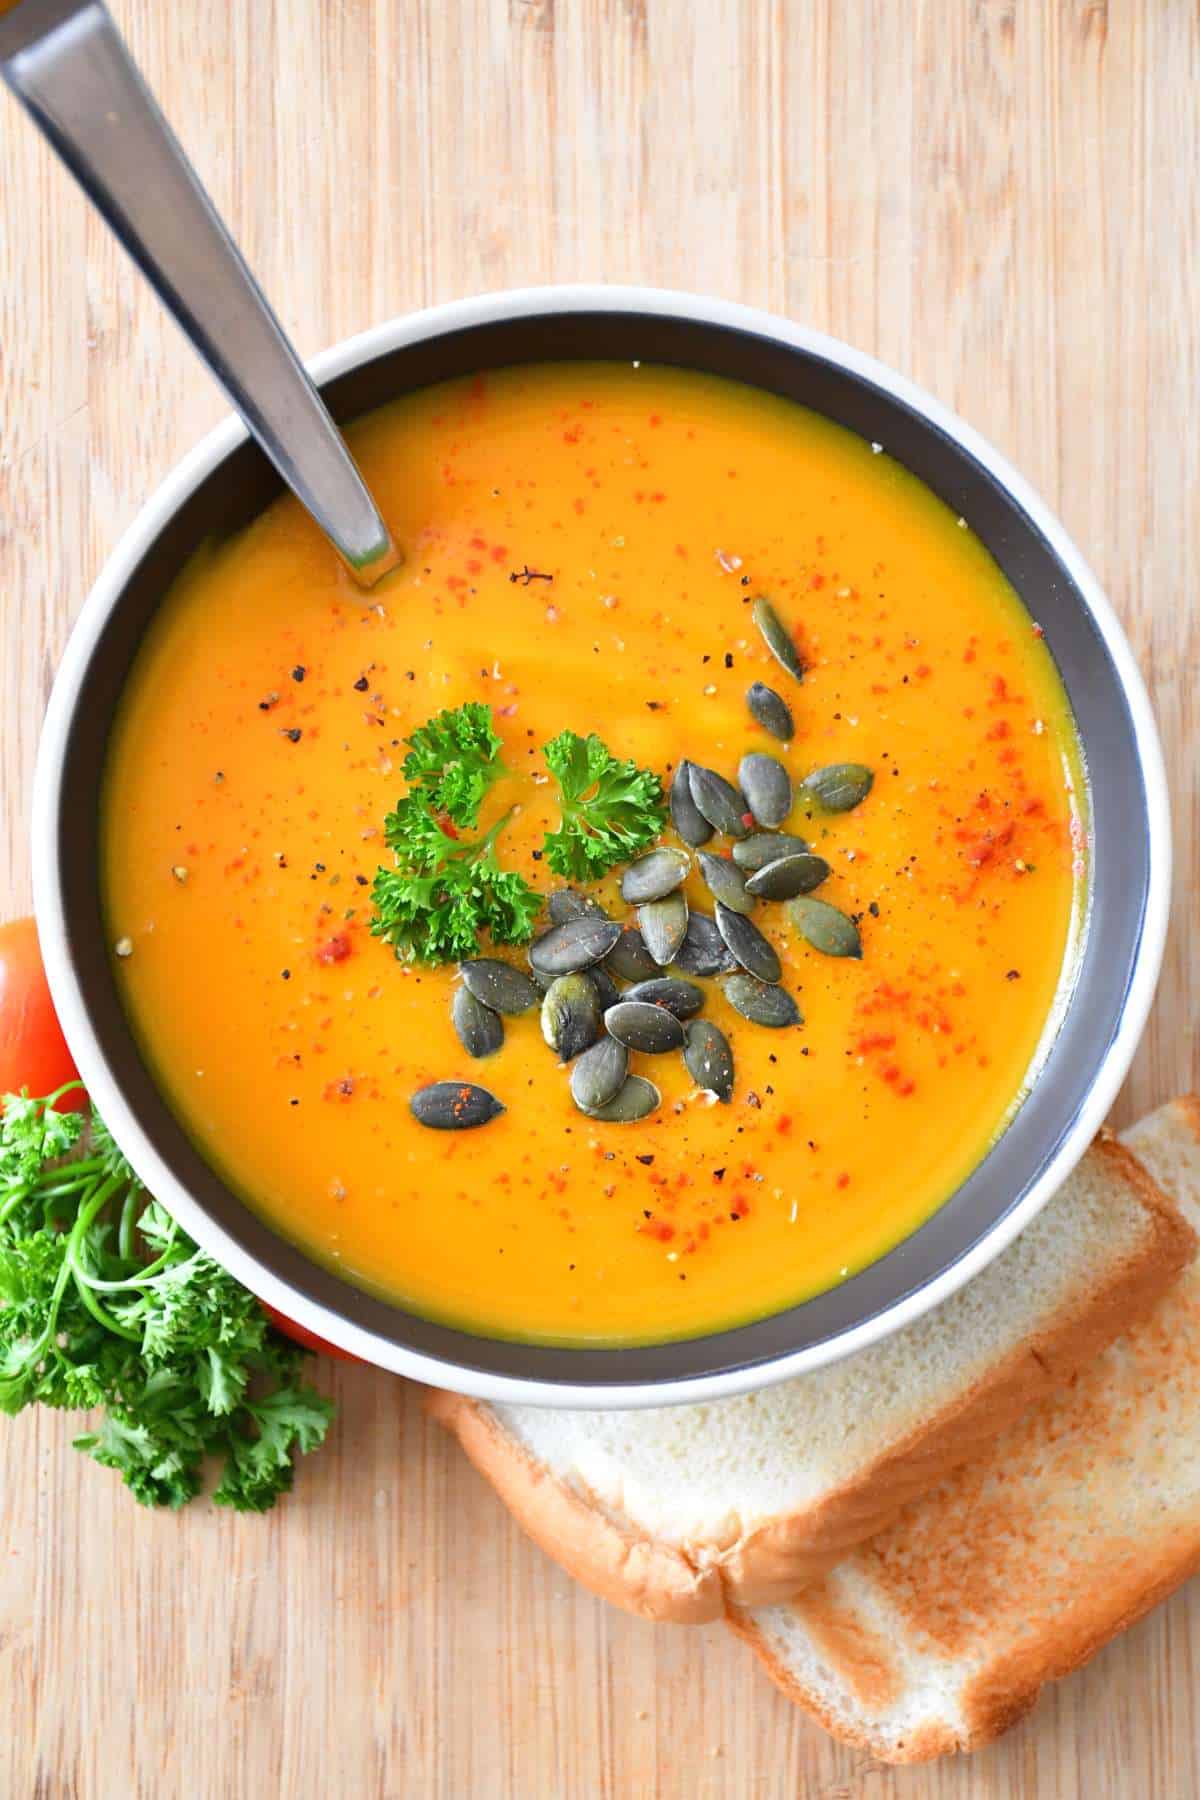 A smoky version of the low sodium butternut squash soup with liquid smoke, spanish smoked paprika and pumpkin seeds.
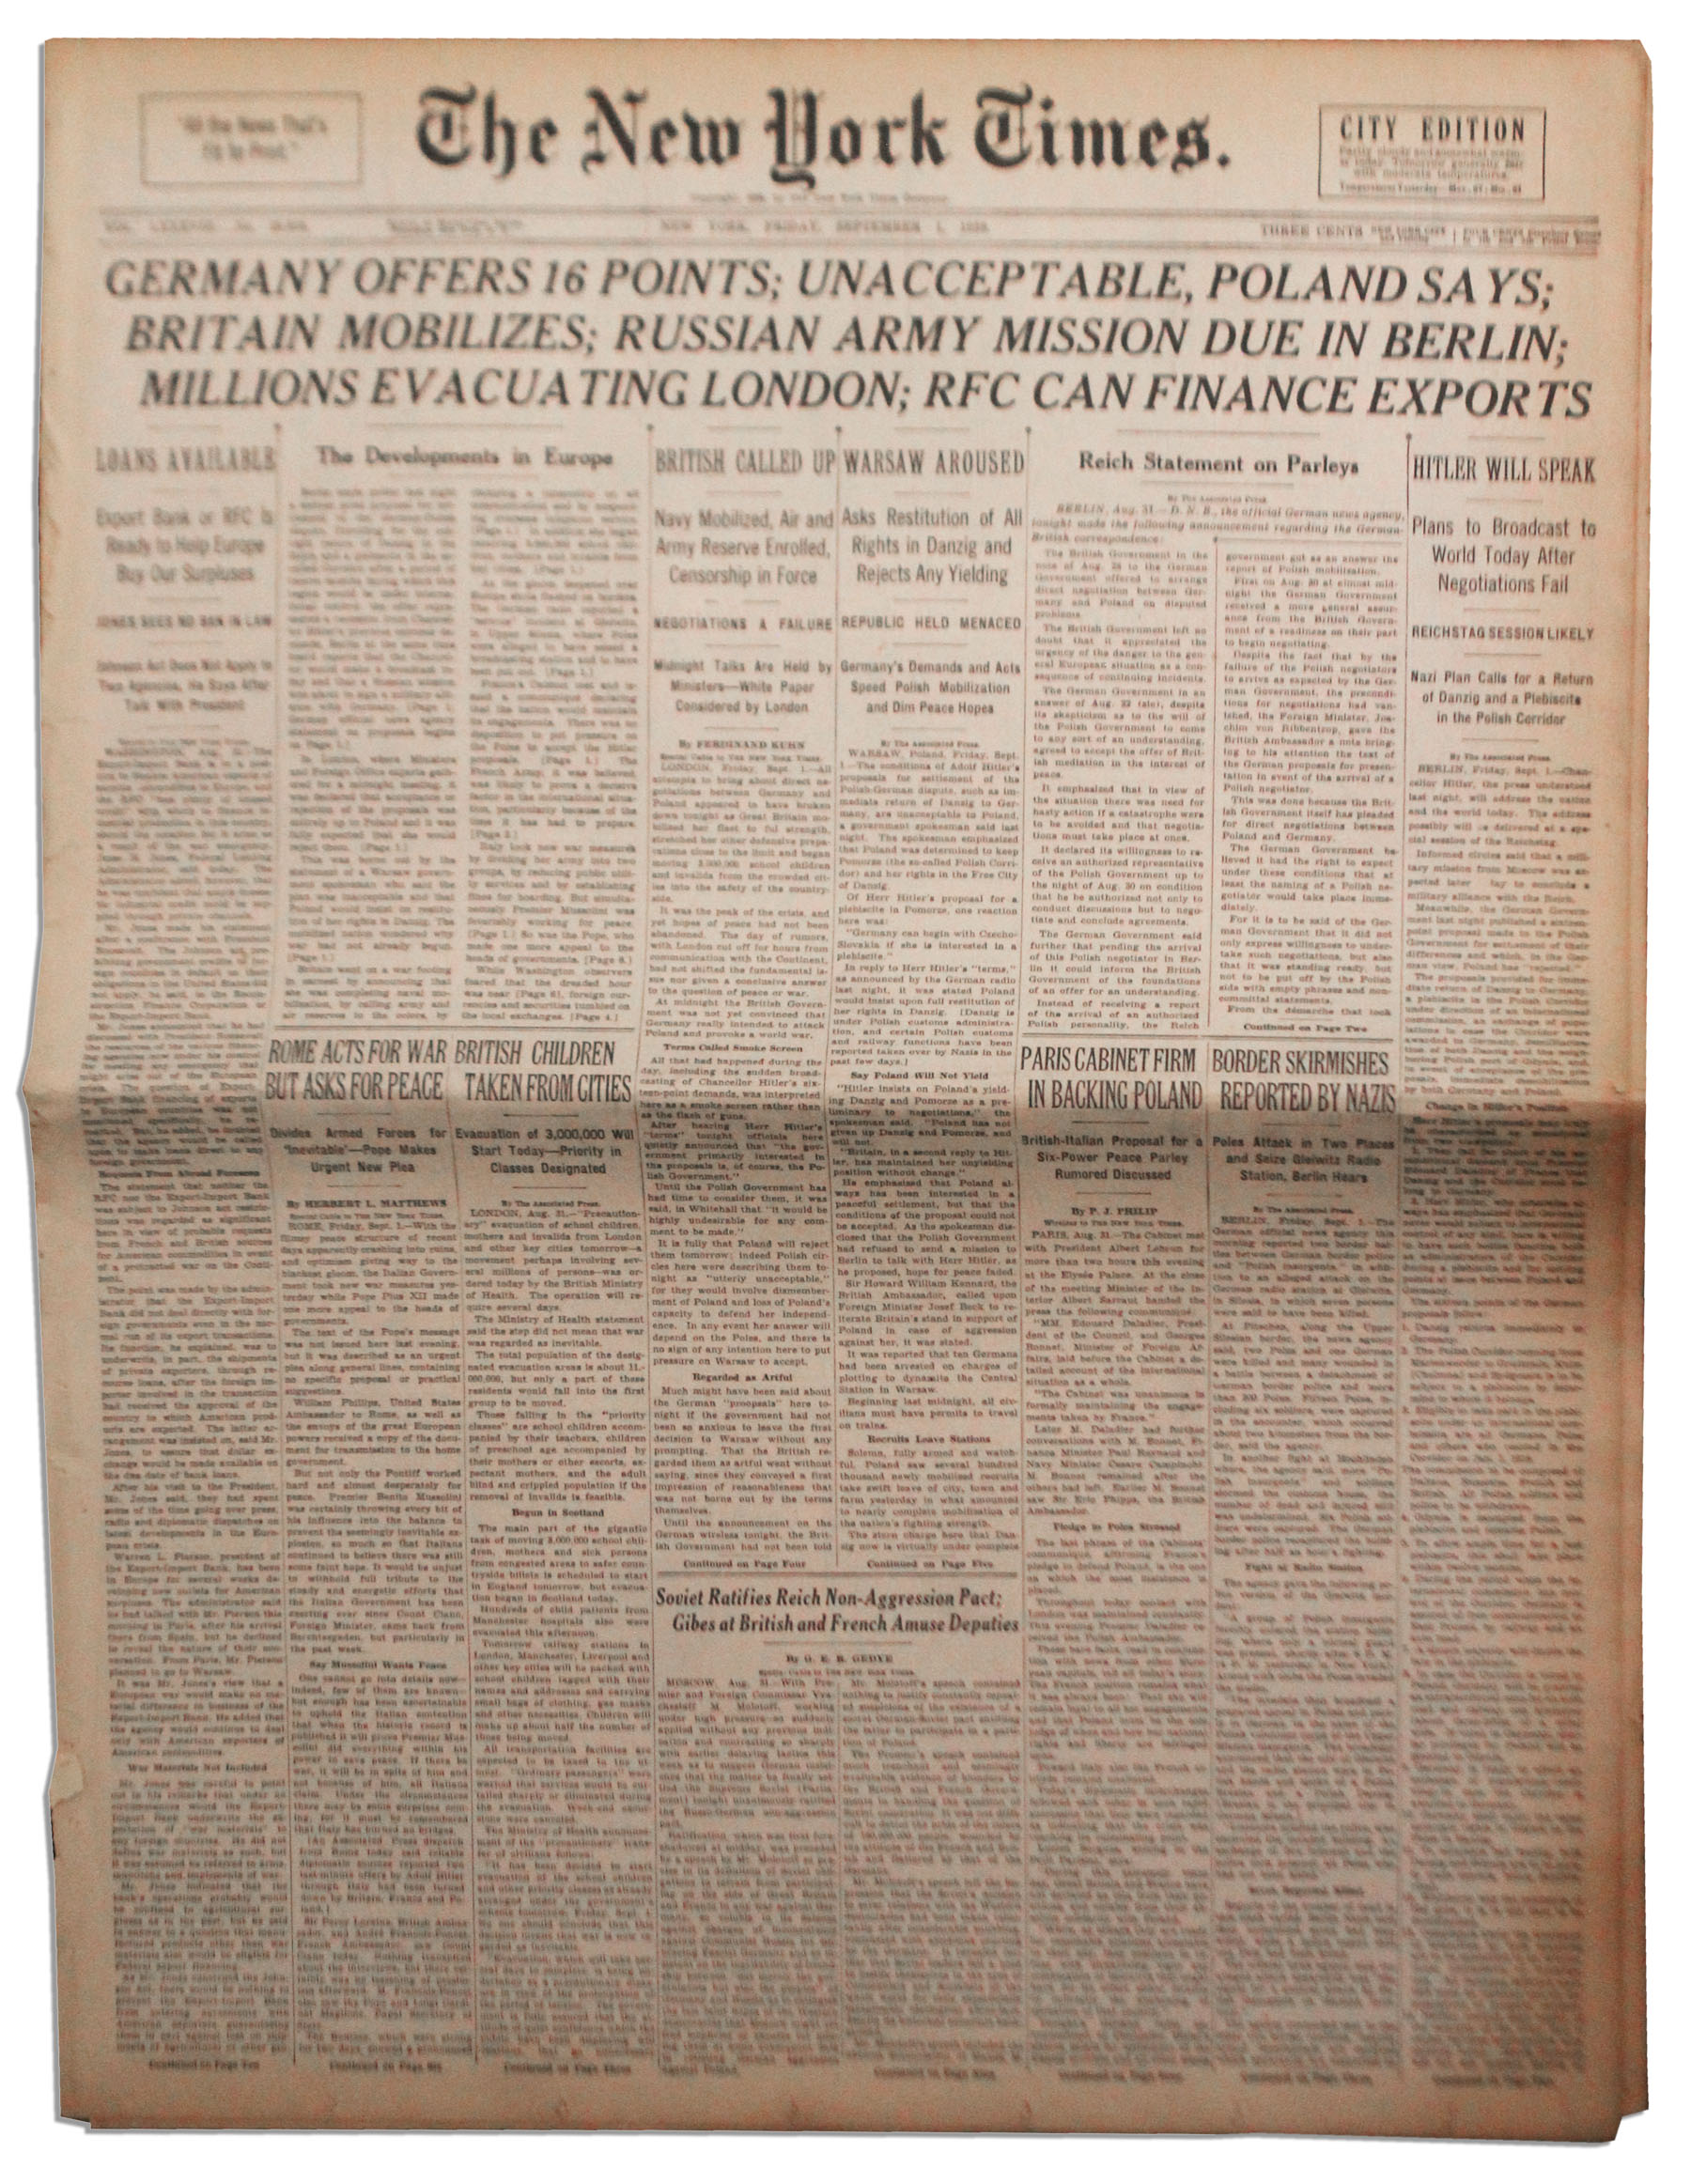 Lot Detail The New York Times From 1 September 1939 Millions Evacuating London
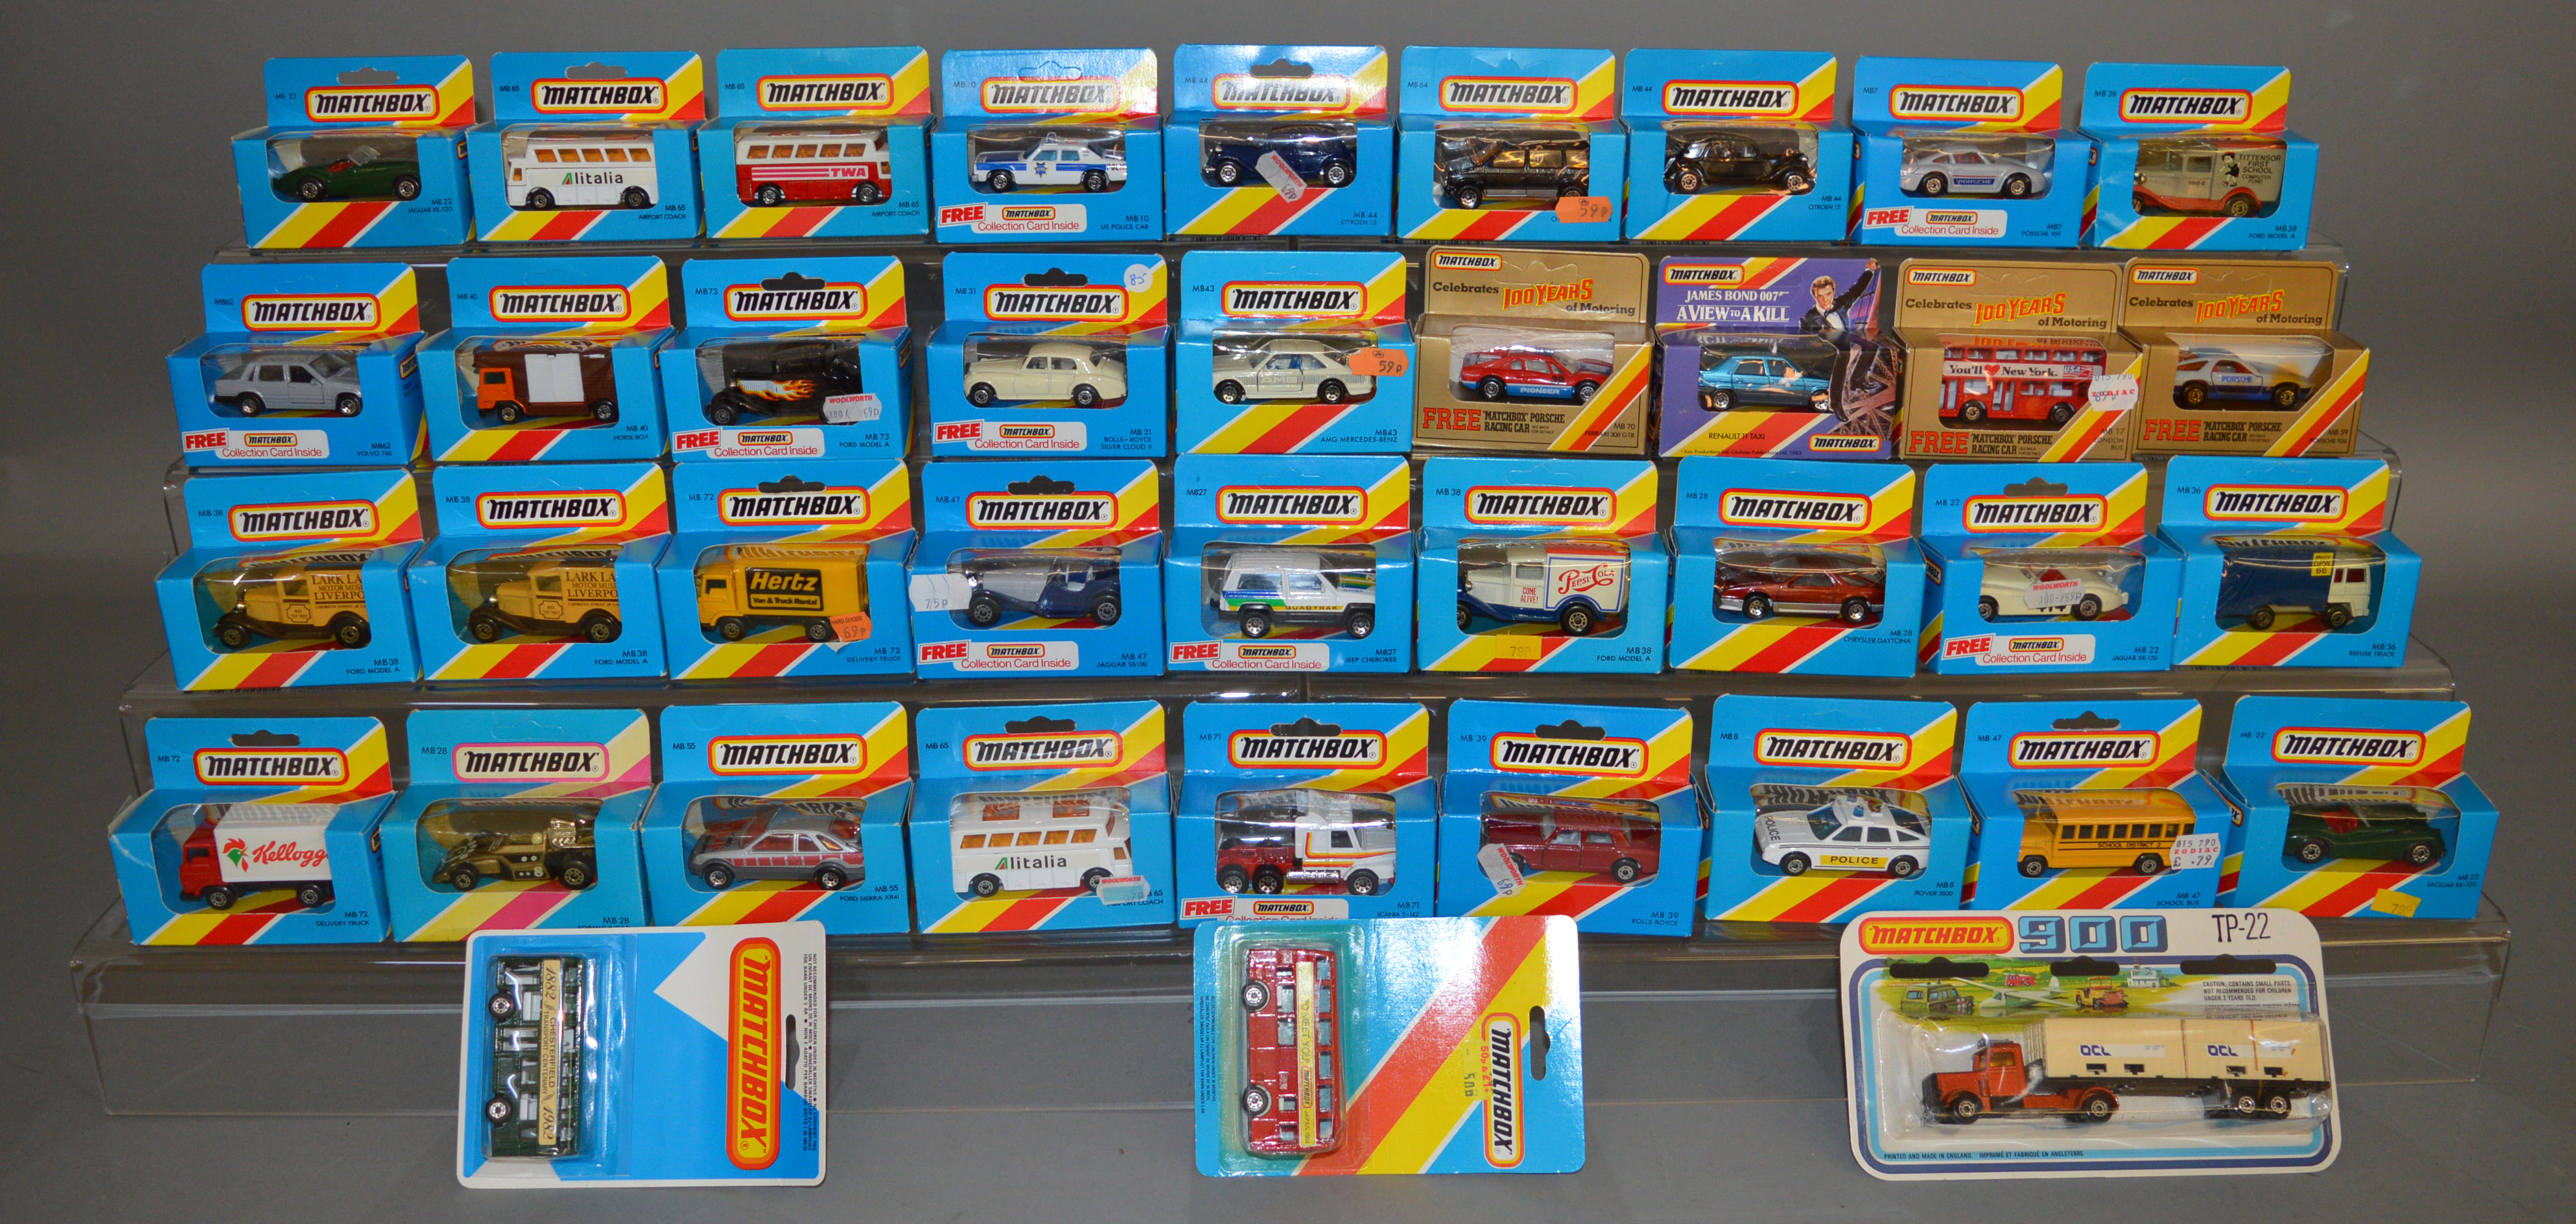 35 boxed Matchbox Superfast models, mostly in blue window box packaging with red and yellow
_ _ _ _ _ _ _
▸ Aim of the task:
Leave out the pictures, and retype exactly the lines from the one containing "Lot Detail The" through the final line of the data.

▸ Task answer:
 Lot Detail The New York Times From 1 September 1939 Millions Evacuating London
 35 boxed Matchbox Superfast models, mostly in blue window box packaging with red and yellow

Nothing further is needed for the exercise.